Officials investigate lead water crisis in Newark schools
Glenn Townes | 3/21/2016, 12:09 p.m.
Former Newark Mayor Cory Booker said the current lead crisis in the city of Newark is not an anomaly and the issue was a frequent occurrence before, during and after his tenure as mayor of the Brick City.
In an interview this week with media, Booker said documents released earlier this month clearly indicate that Newark Public School (NPS) officials have been testing the district's water system for lead contamination stretching back to 2004 and well aware regarding the possible lead contamination in the drinking water. However, the severity and pervasiveness of the matter wasn't made public until recently, when thirty Newark schools tested positive for high levels of lead in the drinking water.
In a media statement following the disclosure of the on-going issue regarding the possible toxic water, NPS officials said, “Past documentation and facilities staff have both articulated that the district worked in conjunction or in consultation with the Federal EPA in the early 2000s....it appears that previous staff felt comforted by their conversations that the protocols they were putting in place complied with federal guidance at the time. We continue to conduct a comprehensive review of all past practices in this area.”
The debacle surrounding unsafe drinking water in mostly minority communities gained national headlines came to a head in January when state and government officials declared the city of Flint, MI in a state of emergency due to contaminated drinking water. President Barack Obama issued an immediate investigation into why thousands of residents of the mostly African American city had been subjected to drinking lead contaminated water for several years.

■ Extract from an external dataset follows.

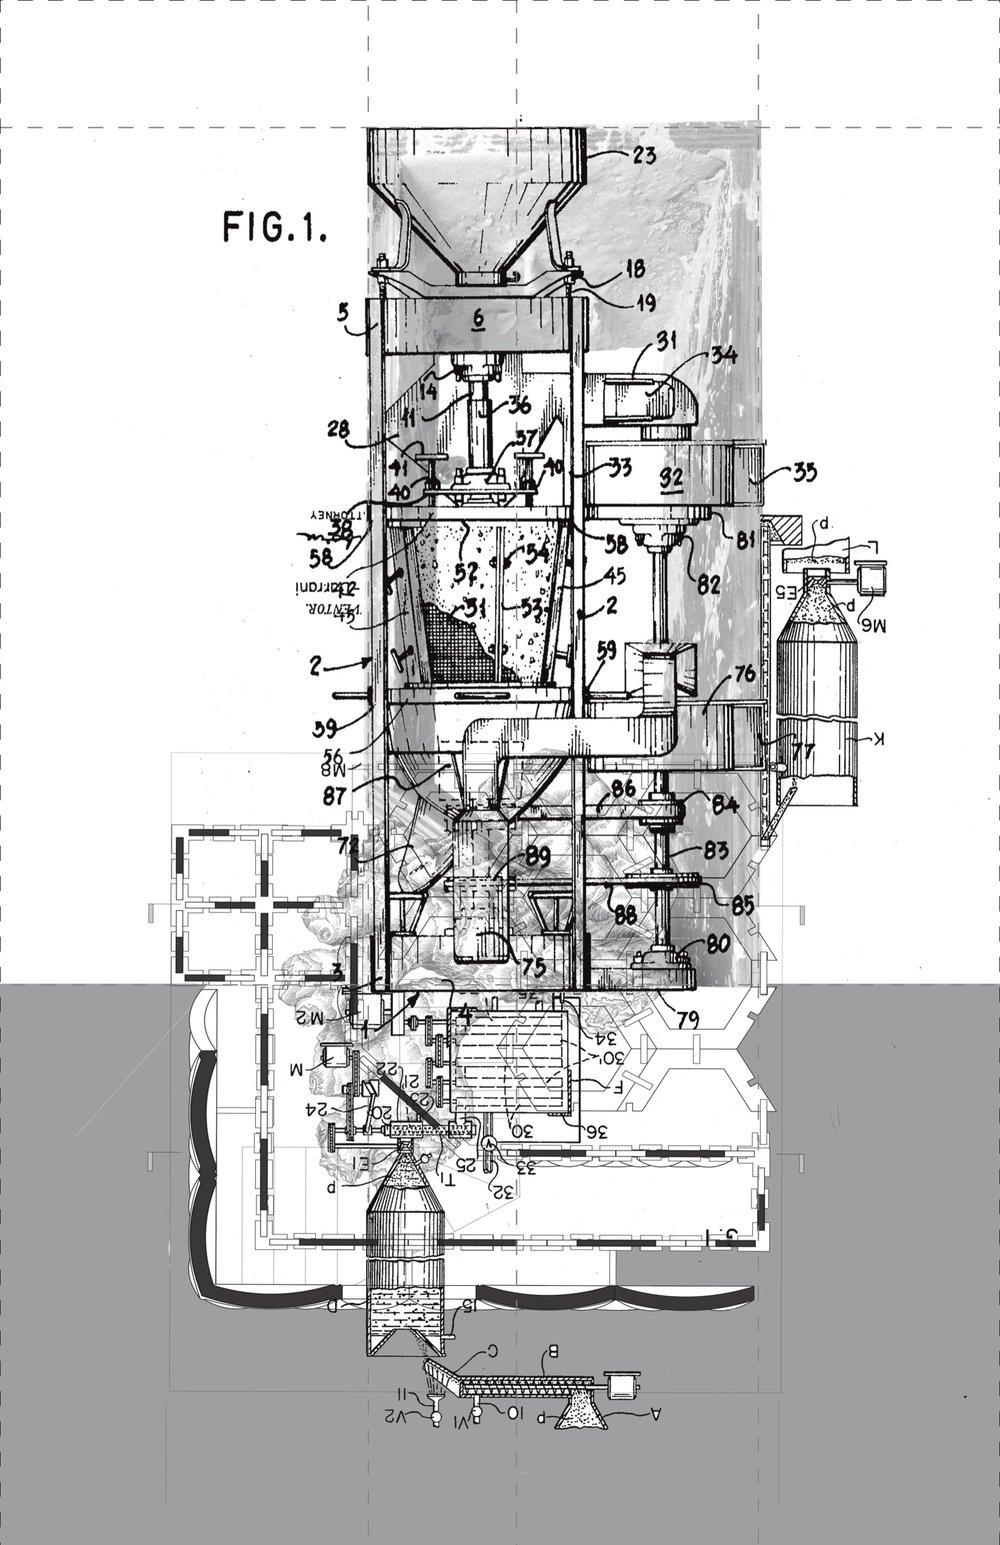 B.2_Ideogram Section.jpg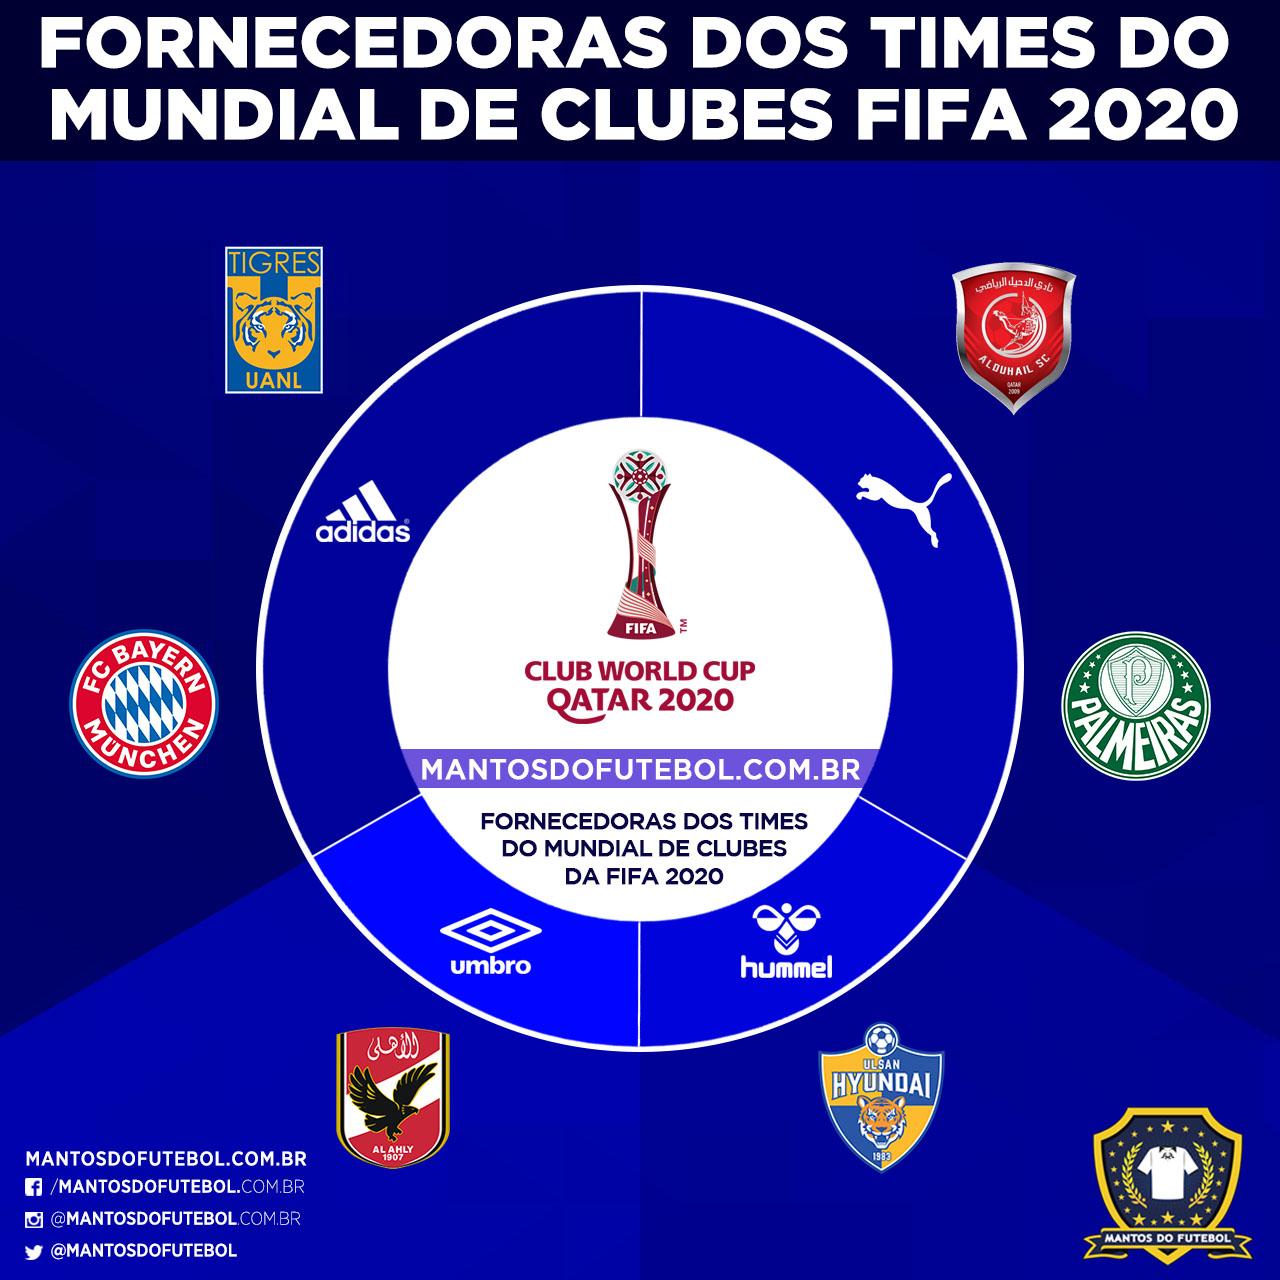 Fornecedoras dos times do Mundial de Clubes FIFA 2020

In Newark, Mayor Ras Baraka released a statement regarding the situation and blamed the Brick City water problems on others, including the former Booker administration. “If tests for lead have been conducted since 2004, it is obvious that the state controlled Newark public school system has known about the lead problems for at least 12 years if not more,” he said. Baraka added that the lead contamination is not affecting the city's drinking water, and most likely is the result of antiquated and outdated infrastructure in the schools.
However, Booker countered the notion that his administration was remiss in addressing the issue of lead poisoning. “I battled the issue of lead paint and lead poisoning during my administration,” Booker said. For example, in 2007, Booker secured a $4 million grant from the federal Department of Housing and Urban Development to clean up hundreds of dangerous and potentially lethal lead-based paint hazards from lower income homes. “I obtained federal funding to help expunge environmental toxicity from our community,” Booker said.
NPS began voluntary health screenings for students in the affected lead contaminated schools to ensure no one becomes ill. More Newark schools will be tested this week. Children who ingest of in some cases inhale lead-based products suffer learning disabilities reduced height, weight and developmental delays. In extreme cases, anemia, convulsions and death may result.